Thanks for replying!!!


----------



## wvasko (Dec 15, 2007)

lucygoose said:


> Yikes!! So no one likes/recommends him............My friend does know his stuff! I guess I will see for myself, huh? LOL.....Well, now I am bummed out.............I did look around his site, and from what I read, it seemed he was good......but I am a normal person, not a trainer per say.....But learning.....
> 
> Thanks for replying!!!


Just get your video and try it out. I am not pro or con Leerburg. I'm sure some have been helped by his stuff and some have not. If there's something that makes you feel uncomfortable on video don't do it. He did get his start selling videos etc.


----------



## lucygoose (Feb 11, 2008)

wvasko said:


> If there's something that makes you feel uncomfortable on video don't do it.


I will, and Thanks!!!

I will let you all know what I think when I do get it!


----------



## katthevamp (Aug 7, 2007)

I was reading his Dominate dog article.
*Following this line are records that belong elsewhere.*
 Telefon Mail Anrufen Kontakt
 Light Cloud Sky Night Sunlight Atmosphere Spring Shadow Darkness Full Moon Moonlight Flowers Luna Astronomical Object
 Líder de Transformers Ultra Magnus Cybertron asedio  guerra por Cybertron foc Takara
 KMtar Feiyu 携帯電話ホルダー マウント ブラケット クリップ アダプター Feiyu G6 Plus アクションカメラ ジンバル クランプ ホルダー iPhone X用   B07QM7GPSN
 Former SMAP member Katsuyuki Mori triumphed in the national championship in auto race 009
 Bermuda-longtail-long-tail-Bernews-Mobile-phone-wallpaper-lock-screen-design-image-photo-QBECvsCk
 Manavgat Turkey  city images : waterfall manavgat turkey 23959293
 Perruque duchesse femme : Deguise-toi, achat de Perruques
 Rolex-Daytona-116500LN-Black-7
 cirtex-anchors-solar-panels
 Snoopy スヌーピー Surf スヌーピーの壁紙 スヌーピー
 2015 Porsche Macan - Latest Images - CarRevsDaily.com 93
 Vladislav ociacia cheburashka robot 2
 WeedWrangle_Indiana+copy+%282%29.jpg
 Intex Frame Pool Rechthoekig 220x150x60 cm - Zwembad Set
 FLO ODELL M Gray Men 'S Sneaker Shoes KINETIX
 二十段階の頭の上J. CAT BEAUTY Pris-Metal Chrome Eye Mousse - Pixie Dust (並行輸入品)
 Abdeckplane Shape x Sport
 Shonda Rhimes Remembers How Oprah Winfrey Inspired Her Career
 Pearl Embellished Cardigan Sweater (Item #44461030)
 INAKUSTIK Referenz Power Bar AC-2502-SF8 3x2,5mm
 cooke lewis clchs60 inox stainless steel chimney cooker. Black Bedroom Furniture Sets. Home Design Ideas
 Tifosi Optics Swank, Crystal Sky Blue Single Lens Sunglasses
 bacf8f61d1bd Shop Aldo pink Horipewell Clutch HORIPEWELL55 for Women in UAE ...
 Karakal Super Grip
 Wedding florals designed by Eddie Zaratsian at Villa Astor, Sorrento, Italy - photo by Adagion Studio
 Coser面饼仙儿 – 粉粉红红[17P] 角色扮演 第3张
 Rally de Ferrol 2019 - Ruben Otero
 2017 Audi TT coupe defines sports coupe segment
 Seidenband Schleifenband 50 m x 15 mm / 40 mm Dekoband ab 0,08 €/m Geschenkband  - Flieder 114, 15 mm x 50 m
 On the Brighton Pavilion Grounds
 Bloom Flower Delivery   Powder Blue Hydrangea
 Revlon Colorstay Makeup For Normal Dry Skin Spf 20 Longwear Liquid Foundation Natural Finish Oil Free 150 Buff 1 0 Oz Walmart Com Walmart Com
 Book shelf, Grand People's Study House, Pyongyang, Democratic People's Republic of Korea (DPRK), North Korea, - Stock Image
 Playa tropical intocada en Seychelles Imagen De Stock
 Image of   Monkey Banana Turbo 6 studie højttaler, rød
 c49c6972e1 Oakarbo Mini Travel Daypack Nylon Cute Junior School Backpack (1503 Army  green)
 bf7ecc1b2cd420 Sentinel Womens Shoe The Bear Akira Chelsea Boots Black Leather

Nasty stuff.

I agree with another poster above me: he sounds like he thinks he know everything.


----------



## BarclaysMom (Aug 24, 2008)

The best training videos I've seen are free on YouTube from kikopup. Whenever I need a little inspiration I head over and rewatch some of them and get back on track.


----------



## lucygoose (Feb 11, 2008)

I do apreciate all your thoughts!! I wished I had asked, and THEN ordered it......Oh well, I live and learn......I will watch with an open mind.....

Thank-You Stephanie for the link.....I will bookmark it.....


----------



## Curbside Prophet (Apr 28, 2006)

lucygoose said:


> Oh well, I live and learn......I will watch with an open mind.....


That's a good attitude to have. I own a few Ed Frawley DVD's, but not the one you bought. I bought them with the purpose of contradicting ideas I had been studying. Sometimes you need to know what the other side is saying to reinforce what you believe to be best. I can't pretend to know what Ed what put on a clicker DVD. If it's anything like his other DVD's, you might find him exceedingly boring and turn-offish. Just my opinion. However, perhaps by starting here, when you buy that next clicker DVD, the gain will be appreciated more. 

Please let us know your thoughts after you view it.


----------



## gwystyl (Jun 15, 2010)

I purchased this dvd recently and was really dissappointed. It was sold in a set with 2 other dvd's featuring Michael Ellis' building drive and focus. Sad thing is that the set was advertised as being taught by Ellis. So I cracked open the first one(training with markers), excited to get started. What I found was a constant barrage of bad power-point info, nothing by Michael Ellis, an annoying ego-centric narrator, and some downright pathetic music. I doubt that I would be this passionate about my feelings toward this dvd, if they didn't cost $160.

That being said, I decided to give the dude the benefit of the doubt. Maybe the other two videos would actually feature Michael Ellis since he was prominently displayed on the cover. Sadly, I didn't find this to be the case either. Both the power of training dogs with food and the other one on playing with tugs, were filled with Frawley constantly interjecting, cutting off the lecture to insert his stupid power point narratives, and generally not knowing when to shut up and let the real teacher(Ellis) explain the material.

My thought now is that I will just go back through them, clip the Michael Ellis parts to review and take notes on, then trash all the rest. That's the best way that I can justify the amount I paid for them without going insane having to listen to Frawley for another minute.


----------



## RaeganW (Jul 14, 2009)

Frawley actually has an article about marker training on his website that isn't terrible. (http://leerburg.com/markers.htm) Pretty interesting, actually, as a method of training that includes both R+ and P+. The biggest problem with his website is that it has everything he's ever produced since like 1970 and no dates or organization of any kind. It's good to see that he's had growth in the past 30 years, but it's hell trying to sort it out.

I have Training with Markers and Training with Food. I was very disappointed in Markers as it was very repetitive and didn't really contribute any knowledge you can't get for free with some determined Googling. That's the biggest problem with what I've seen of Leerburg stuff, it's not even remotely worth the price.

I'm much happier with Food though. Frawley still sucks, and gweystyl's points still stand, but the clips of Ellis working well worth suffering through him. Not worth the cost of the DVD, but worth Frawley.


----------